PRO PINANG – Penerapan kenaikan iuran Badan Penyelenggara Jaminan Sosial (BPJS) Kesehatan di Tanjungpinang masih menunggu surat resmi dari pusat.

Diketahui kenaikan diterapkan melalui Peraturan Presiden (Perpres) RI nomor 75 tahun 2019 perubahan atas Perpres nomor 82 tahun 2018 tentang jaminan kesehatan yang ditetapkan tanggal 24 Oktober 2019.

Berdasarkan Perpres Ditetapkan Iuran bagi peserta Pekerja Bukan Penerima Upah (PBPU) dan peserta Bukan Pekerja (BP) untuk kelas III sebesar Rp 42 ribu, untuk kelas II sebesar Rp 110 ribu dan Kelas I sebesar Rp 160 ribu.

Kepala BPJS Kesehatan cabang Tanjungpinang, Agung Utama mengatakan walaupun sudah Perpres tersebut, namun untuk pelaksanaan di Tanjungpinang masih menunggu surat resmi dari pusat dan sosialisasi kepada masyarakat di Tanjungpinang.

“Kalau baca sekilas memang sudah tau, tapi kita tetap menunggu surat resminya,”kata Agung, saat wawancara Batam Pos, Rabu (30/10).

Berdasarkan Perpres tersebut, Agung mengatakan ada yang mulai per 1 Agustus 2019 ada yang mulai per 1 Januari 2020.

Sedangkan untuk penerapan kenaikan iuran tersebut di Kota Tanjungpinang terlebih dahulu akan disosialisasikan kepada masyarakat  dan sebelumnya juga juga sudah pernah disampaikan akan ada kenaikan iuran tersebut kepada peserta BPJS Kesehatan.

“Sudah kita sampaikan, untuk implementasinya kita harus ikuti aturan Perpres tersebut,” ucapnya.

Dikatakan Agung, jika ada kebijakan apalagi Perpres tidak mungkin pihaknya tidak menerapkan itu harus diikuti, sebab pihaknya merupakan instasi yang ditunjuk untuk melaksanakan di daerah.

“Dari Perpres tersebut untuk PBI (penerima bantuan iuran) melalalui APBD berlaku sejak 1 Agustus 2019, dan untuk peserta selain itu berlakunya mulai 1 Januari 2020,” paparnya.

Ruang pelayanan di Kantor BPJS Kesehatan Tanjungpinang, Rabu (30/10).
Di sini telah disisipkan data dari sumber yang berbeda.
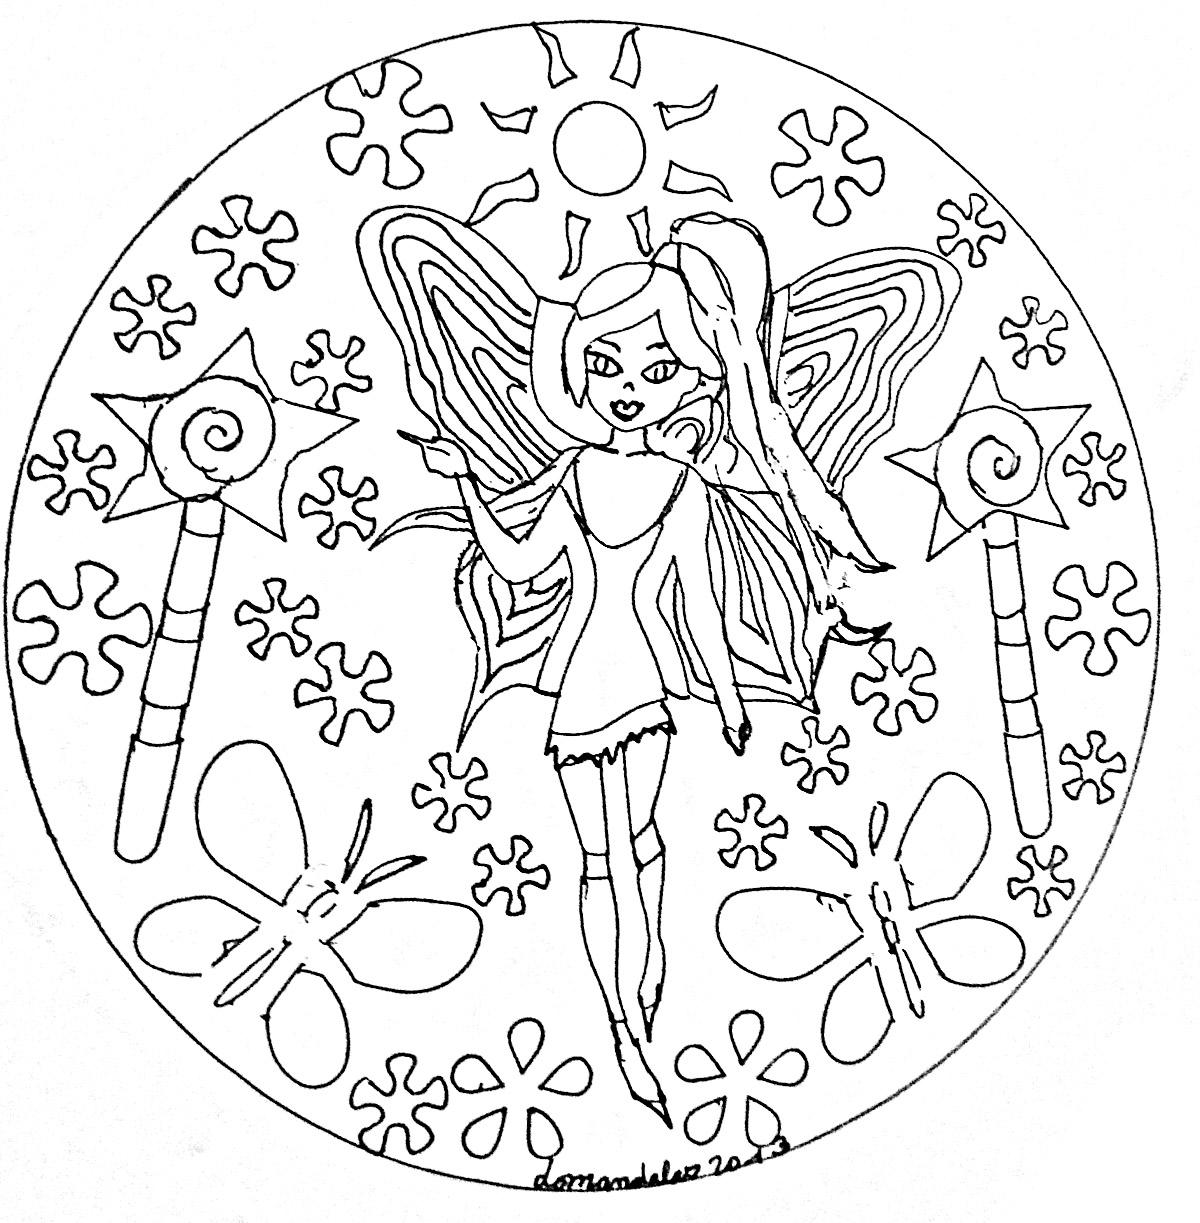 Disegni da colorare per adulti : Mandalas - 179

F.Peri Irawan / Batam Pos

Untuk proses sosialisasi kenaikan iuran itu akan disampaikan kepada peserta melalui forum-forum yang sudah dibentuk BPJS Kesehatan sebelumnya.

Setiap kebijakan baru yang muncul, Agung mengatakan akan banyak pro dan kontra dari masyarakat, padahal tujuan kenaikan itu adalah selain untuk peningkatan pelayanan juga untuk penyesuaian aktuaria.

“Latarbelakang ┬ákenaikan juga sudah kita sampaikan kepada masyarakat secara terbuka,” ungkapnya.

Agung mengatakan yang akan merasakan dampak dari kenaikan itu sebenarnya pekerja dengan rentang gaji Rp 8-12 Juta, jika gajinya dibawah angka tersebut tidak akan terdampak.

“Juga dibutuhkan pengertian dari masyarakat dalam membayar BPJS, jangan hanya membayar saat sakit saja kemudian tidak membayar setelah sehat,”imbaunya.

Selamat Simarmata, warga Batu 8 Atas yang dijumpai Batam Pos di Kantor BPJS Kesehatan Tanjungpinang mengaku, tidak keberatan dengan kenaikan iuran BPJS tersebut dengan syarat pelayanan dari rumah sakit kepada peserta dan bukan beserta harus sama dan tidak dibeda-bedakan.

“Harus sama jangan sampai dibeda-bedakan,” ujarnya.

Selamat menyampaikan pengalamanya saat berobat ke salah satu rumah sakit di Tanjungpinang, karena dirinya peserta BPJS kesehatan, pelayanan yang ia dapatkan tidak sesuai harapan selalu diundur-undur oleh pihak rumah sakit.

“Hari senin saya disuruh datang. Senin saya datang kata petugas hari ini antrean sudah penuh, sementara warga lain yang tidak peserta BPJS mendapatkan pelayanan dengan baik, tidak ditunda-tunda,” ungkapnya. (cr2)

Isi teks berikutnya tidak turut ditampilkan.